One of the most useful applications of robotics at home is home automation, capable of offering unsuspected technological solutions useful for improving the quality of life at home.
By connecting the numerous electronic devices at home to a central server, the home becomes much more comfortable: the thermostat chooses the temperature based on the external conditions; the lights, the gate and the shutters can be remotely controlled via a simple smartphone; the alarm systems are activated autonomously in the event of a gas leak or fire.
These will be the main home’s skills in the near future, a home that is always connected to the network, in which older appliances will be replaced by augmented reality.
Even in the military field, robotics is making great strides, in order to support human action. For some years, American soldiers have been able to benefit from particular exoskeletons and even some robotic animals capable of monitoring the area, warning the military about the presence of any dangers. But it is above all thanks to drones that robotics is changing the war sector: aircraft capable of flying at over 15,000 meters above sea level, used for machine and surveillance missions, but also for offensive purposes.
The evolution achieved by robotics in the industrial sector is truly remarkable and a factor such as remote connection is fundamental for the management and programming of robots, as well as for the modification of programs.

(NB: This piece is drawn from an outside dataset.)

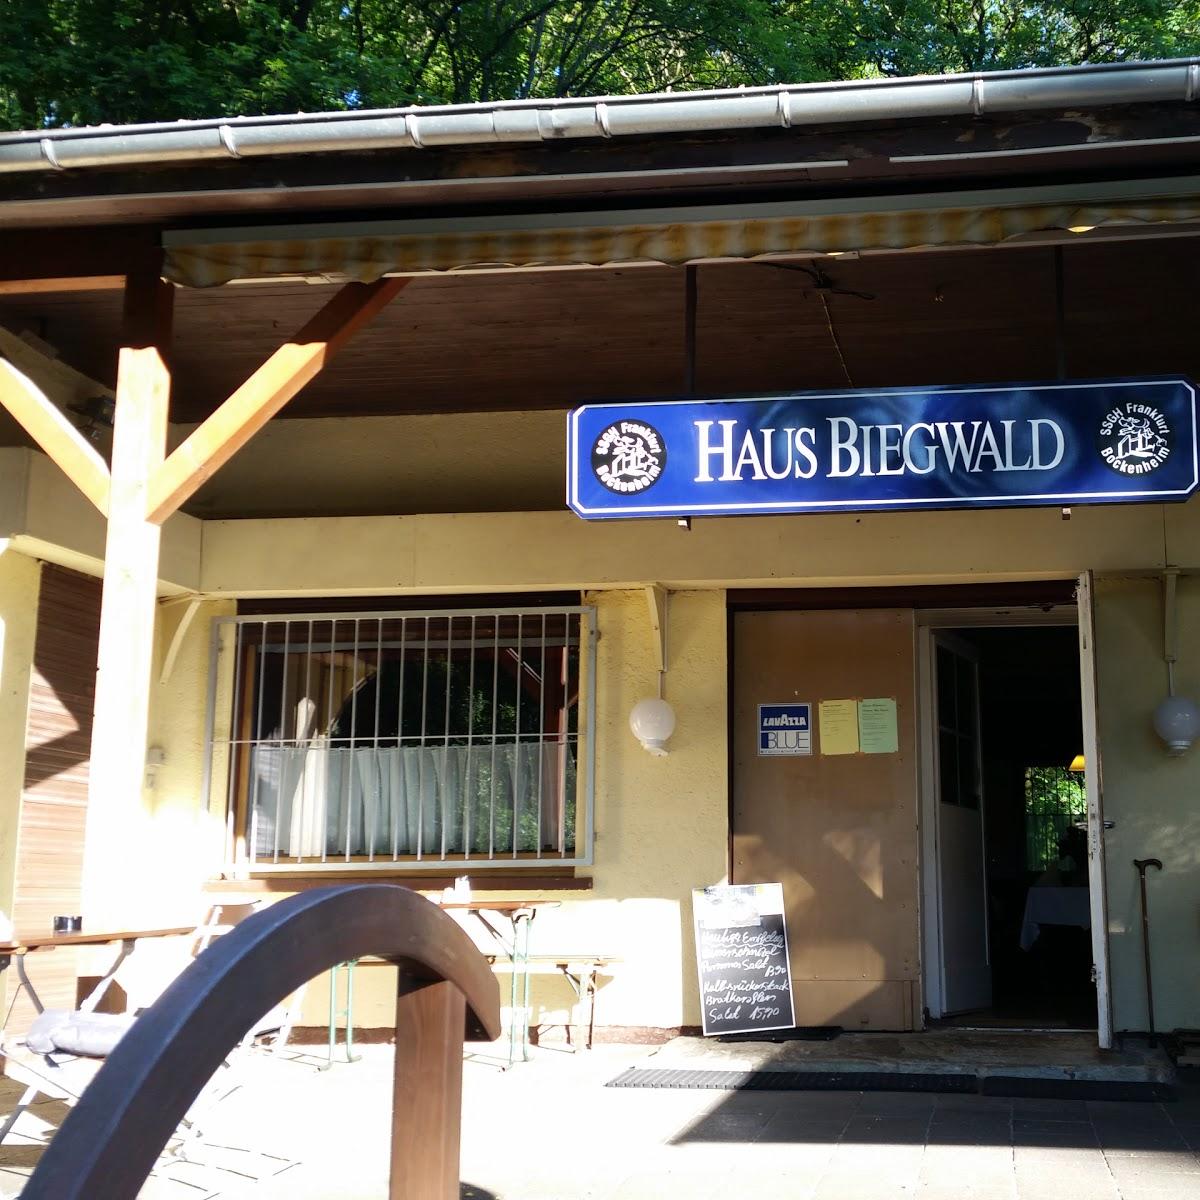 Restaurant "Haus Biegwald" in Frankfurt am Main

Some recently developed software allows you to connect to robots and remotely observe any data, as well as send it to simulation before even sending it to production.
One of the most important innovations of Industry 4.0 is linked to the possibility of collecting production and statistical data, in order to always have the possibility to modify production in real time and to minimize losses and downtime.
Finally, robotics will make it possible to achieve a real reduction in production costs.